There are a number of financial advisory companies, although only a handful are, in my opinion, any good.

I have to query why after 12 years your husband has just a basic qualification. Not trying to be unkind, but I would have expected rather more qualifications and a wider product knowledge after that length of time.

If he is interests in dealing with mortgages only his only option would be to work for a bank or one of the handful of mortgage brokers, although broking is generally commission only. Another alternative is to seek a role with an offshore insurance company.

Financial servies in the UAE is in its infancy. Many of us are trying to raise standards, but it is a job for someone who can obtain their own clients, knows what they are doing and is self-motivated.


----------



## Ricardo (Feb 27, 2008)

Hi Elphaba,

Thanks for your note.

The diploma in Financial Planning is the new equivalent of the first level of the old style AFPC (MLIA dip?), my husband is currently working towards Chartered Financial Planning status (full AFPC). Wouldn't really be interested in advising on Mortgages but qualified to do so.

He is currently a Technical Consultant for an Offshore Life Company, however purely focused on UK biz (ie trouble shooter, technical expert for IFA's, client scenarios etc). He is now looking to widen his experience.

Can you recommend any Offshore Insurance Companies who you think would be worth contacting?

Many thanks


----------



## Elphaba (Jan 24, 2008)

Ah - I see. I never remember what the new exams are called - I gained by AFPC some 12 years ago! 

Is he looking to work as an IFA? If so, I might be interested. Position is commission only though.

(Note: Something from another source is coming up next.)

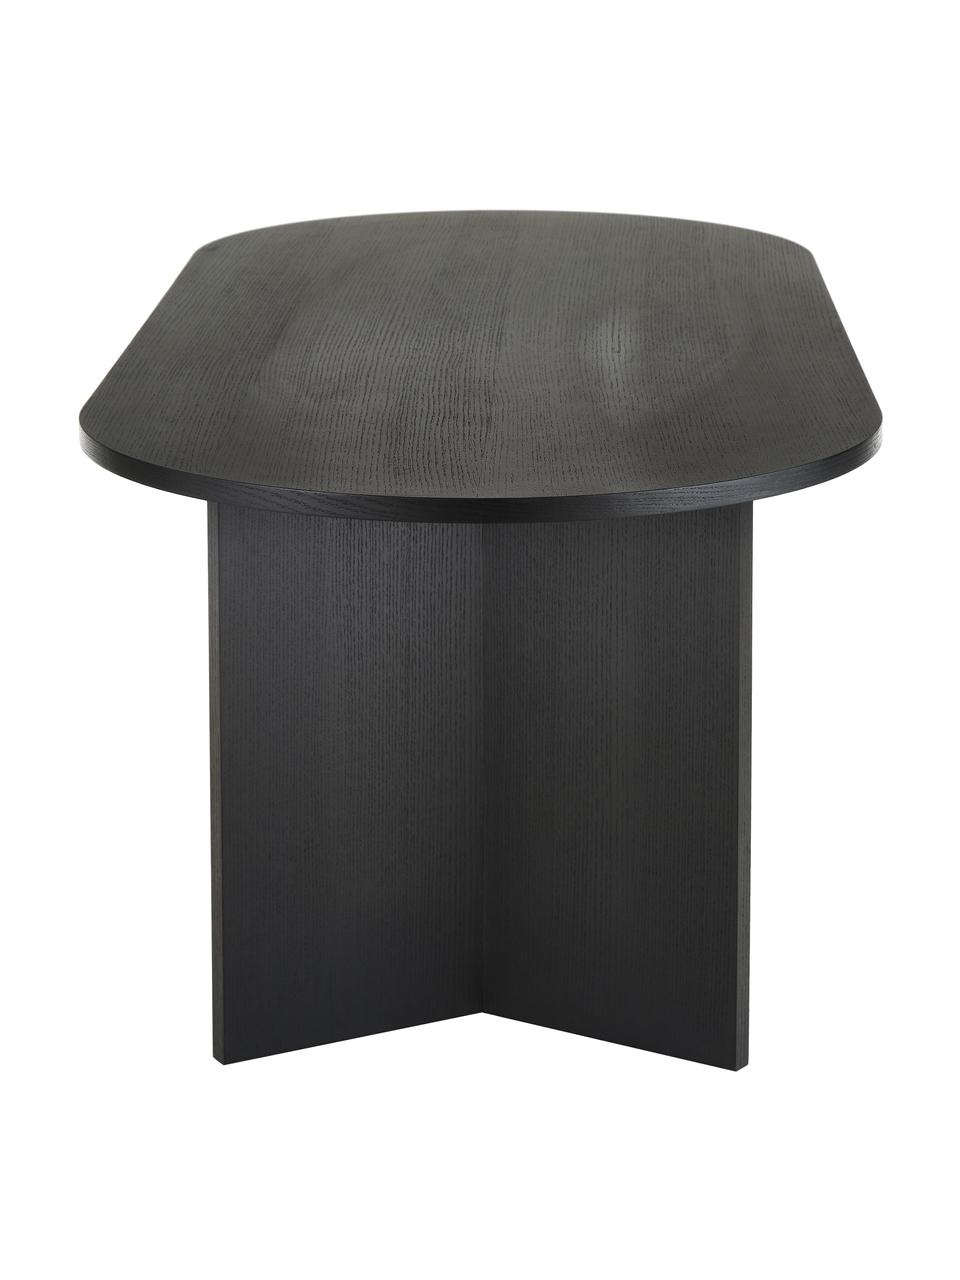 Ovaler Esstisch Toni aus Holz, 200 x 90 cm, Mitteldichte Holzfaserplatte (MDF) mit Eichenholzfurnier, lackiert, Eichenholz, schwarz lackiert, B 200 x T 90 cm

If he wants to work for an insurance company - try Royal Skandia, Friends Provident International and Zurich.


----------



## Ricardo (Feb 27, 2008)

Thanks for the info, however would need guaranteed basic plus commission / benefits package to start with, until I can get established.

Already know these companies, as I used to work for one of them....

Do you know of any private banks that may have relationship manager type positions?

If not, no worries.


Kind regards


----------



## Elphaba (Jan 24, 2008)

Well advisory positions are nearly all commission only.

The insurance companies mentioned are the main and best ones. And I would expect you to know of them!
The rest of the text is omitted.